Он сказал какую–то длинную фразу по-немецки, в которой я разобрала только слово «музыка». Кажется, он, как и я, оказался в опере без компании. Я извинилась и попросила его перейти на английский. Оказалось, что его английский был куда совершеннее моего собственного.
— Ирми, — представился он.
— Софи, — растерянно проговорила я, совершенно забыв, что нахожусь в Европе под чужим именем.
— Твоя реакция на Моцарта не может оставить равнодушным, — снова улыбнулся он.
— Сегодня я более сентиментальна, чем обычно.
Толпа скользила мимо нас к выходу и гардеробам, а мы стояли, будто бы одни, и обменивались вежливыми фразами. Не знаю, о чем на самом деле думал он, только я вспоминала свое предчувствие любви, и все в этом Ирми казалось мне безупречным: его несомненно дорогая одежда и обувь, легкий запах незнакомого одеколона, тонкие смуглые пальцы рук и главное, его улыбка-мотылек, будто бы всегда кружащая вокруг его лица. Время от времени — но всегда к месту — мотылек садился на него, растягивая пухлые губы и рисуя легкие морщинки у висков и глаз. Это была не резиновая улыбка западных людей, не беззаботная улыбка славян, не лукавая похотливая улыбка арабов и кавказцев, не ироничная еврейская улыбка, за которой прячется неуверенность. Улыбка Ирми не таила в себе подвоха, была легкой и живой, но в то же время она как будто охраняла его. Ставила барьер. В ответ я глядела на него так, чтобы он понял как можно скорее: барьеров не существует.
Мы сидели в кондитерской, расположенной неподалеку от оперы, в старом городе. Вена вообще рано ложится спать, и здесь с большим трудом можно найти заведение, открытое в полночь, но Ирми, похоже, знал все, что нужно было знать в каждый отдельный момент своей жизни.

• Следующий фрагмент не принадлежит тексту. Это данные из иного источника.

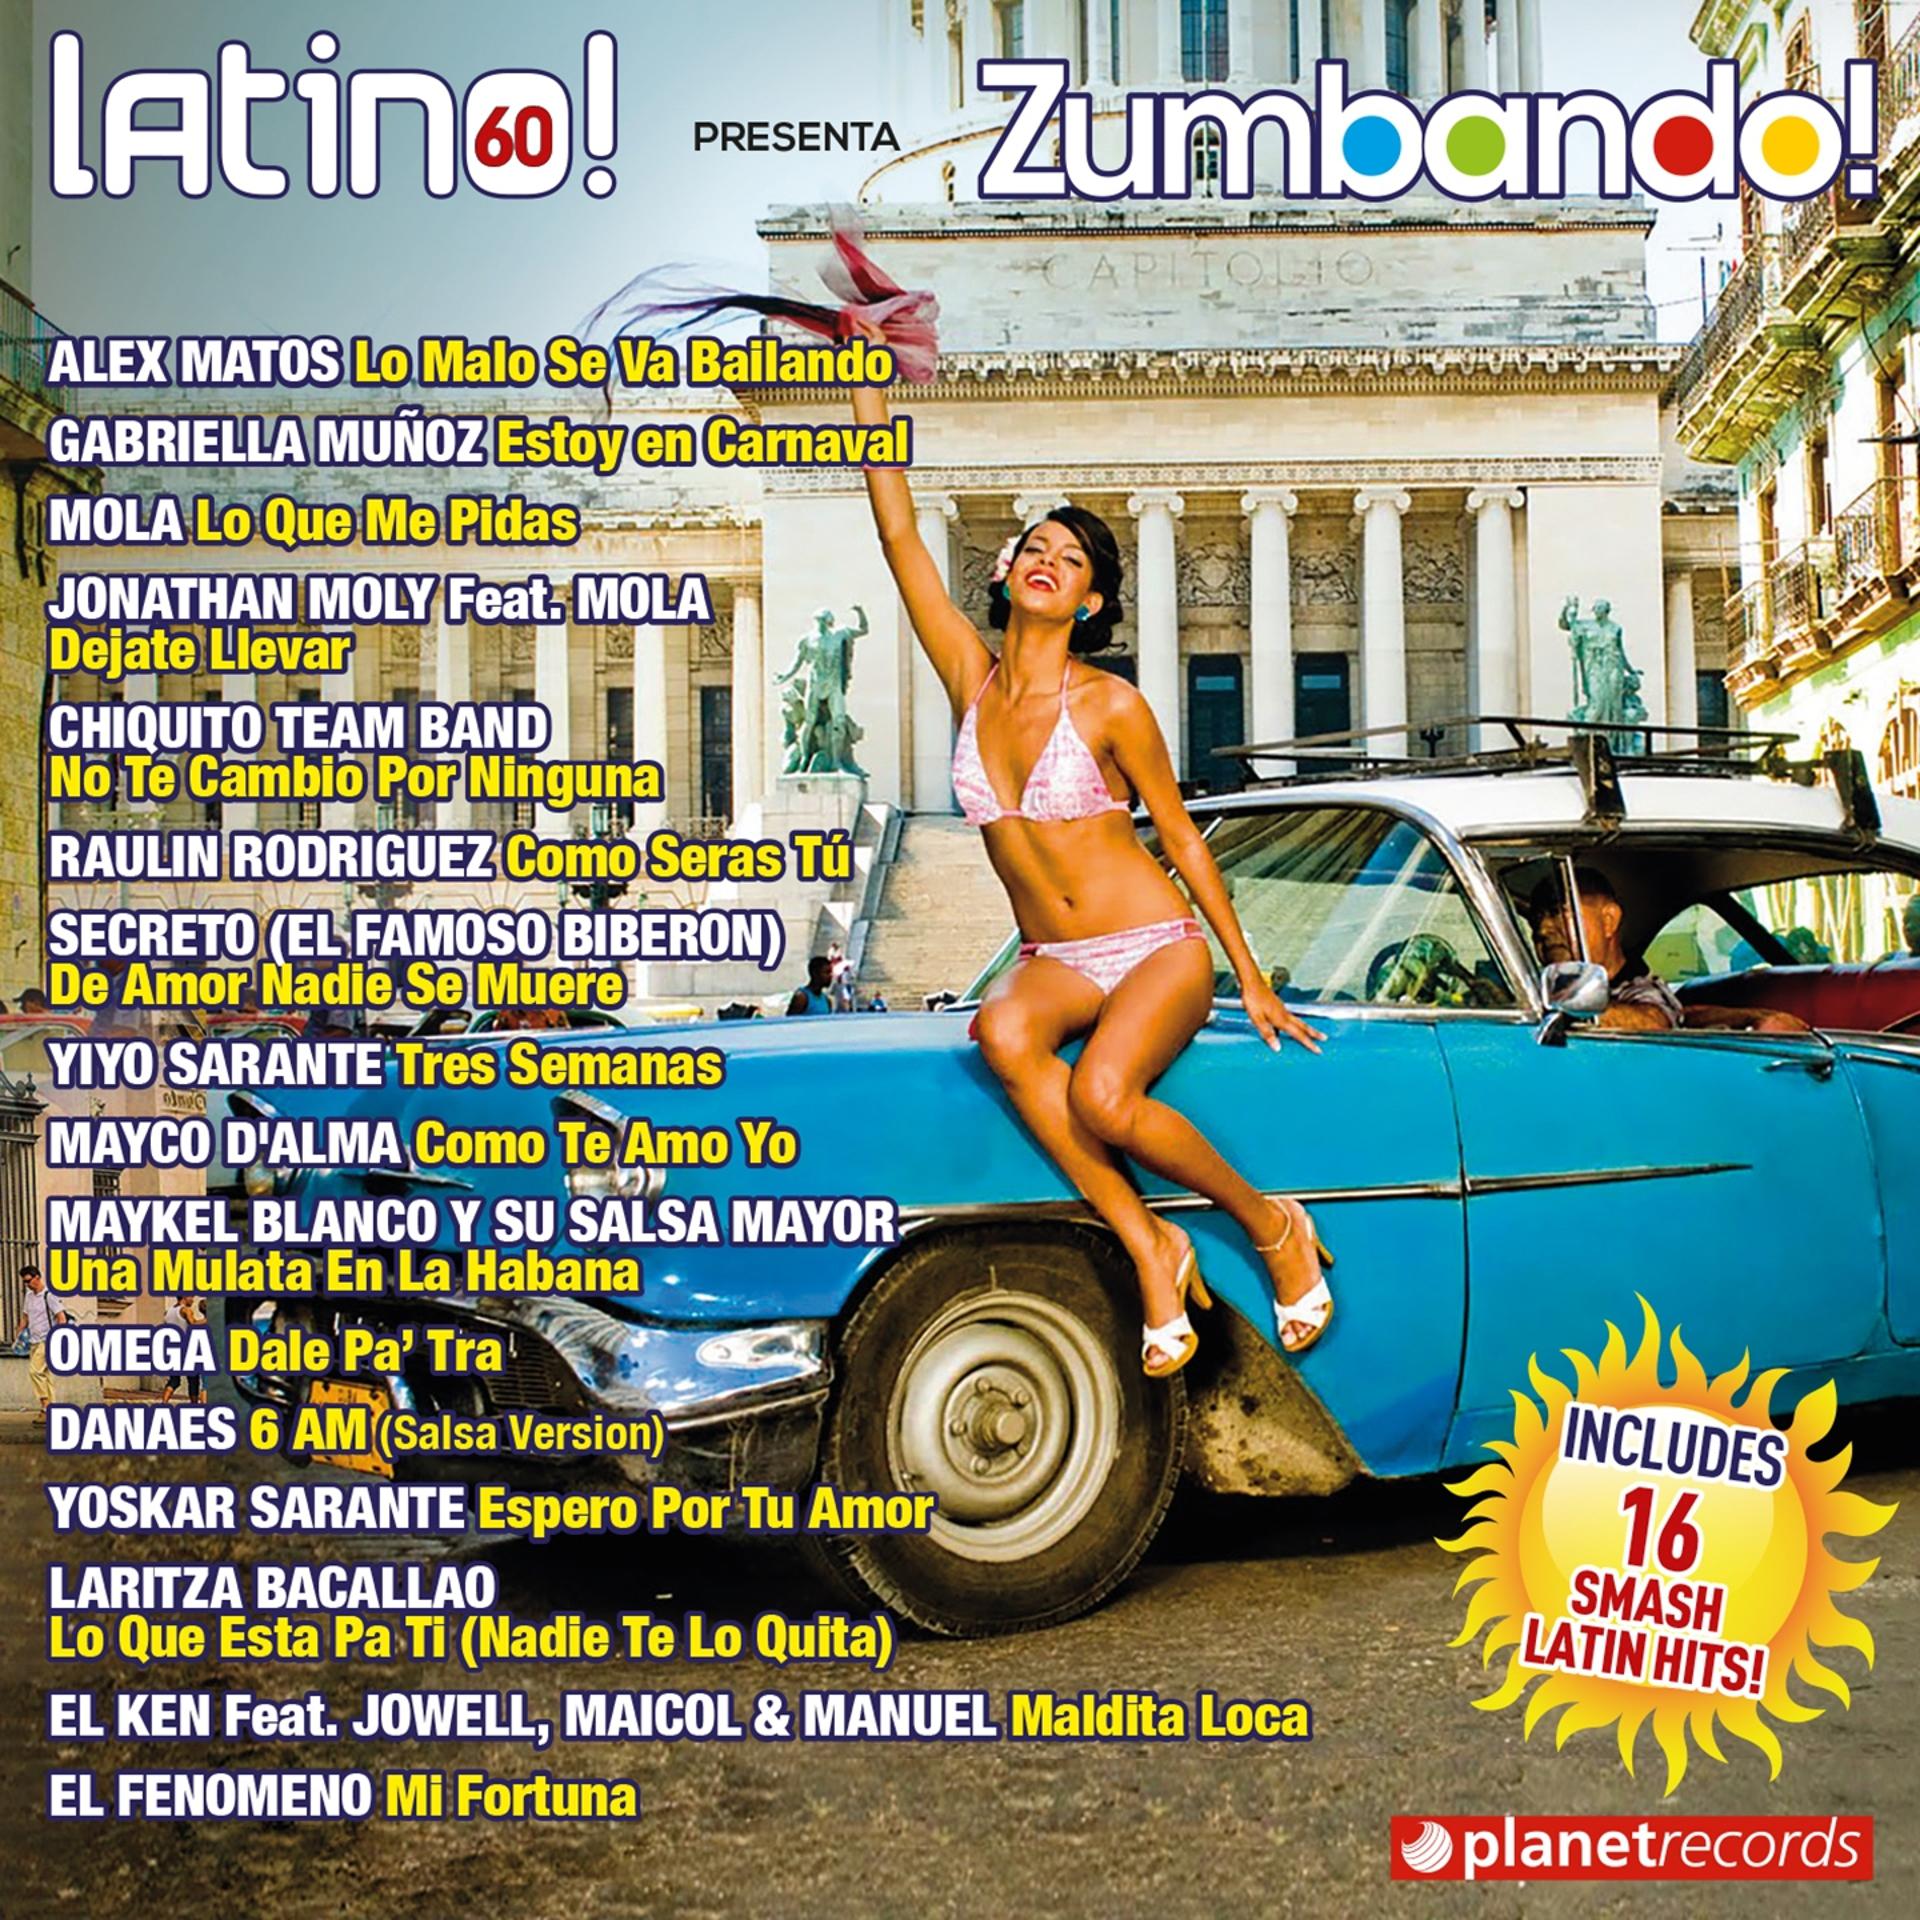 Постер альбома Latino 60 presenta Zumbando (World Edition)

Он выглядел таким светским, таким комильфо, столь безупречными казались его рассуждения, что я предпочла большей частью помалкивать, предоставляя ему рассказывать о себе.
— Я закончил Кембридж три года назад, — говорил Ирми. — Работаю в европейском банке реконструкции и развития. Мое японское имя звучит сложно и непривычно для европейской артикуляции, поэтому я представляюсь близким по слуху именем. Еще мне нравится, что это как мужское, так и женское имя.
— Почему? — спросила я. — Тебе близок «юнисекс»?
— Нет. Просто я гей, — сказал Ирми.
— Вот как! — я нашла в себе силы выдержать любезный тон заинтересованной собеседницы. — Надеюсь, ты не испытываешь предубеждений к женщинам?
— Абсолютно никаких, — заверил меня Ирми. — Я даже любуюсь ими. Правда, считаю мужское тело более красивым и совершенным. В мире намного больше прекрасно сложенных мужчин, чем женщин.
— А если бы тебе встретилась девушка, сложенная не менее прекрасно, чем твой мужской идеал?
— О, я имел дело с моделями, — равнодушно сказал Ирми. — Между нами, те, кто разрабатывал современный стандарт модели, в большинстве являются моими единомышленниками. Теперь представь, с кем приятнее иметь дело: с настоящим идеально сложенным парнем, или с пародией на него, только благодаря своим мужеподобным параметрам прошедшей кастинг?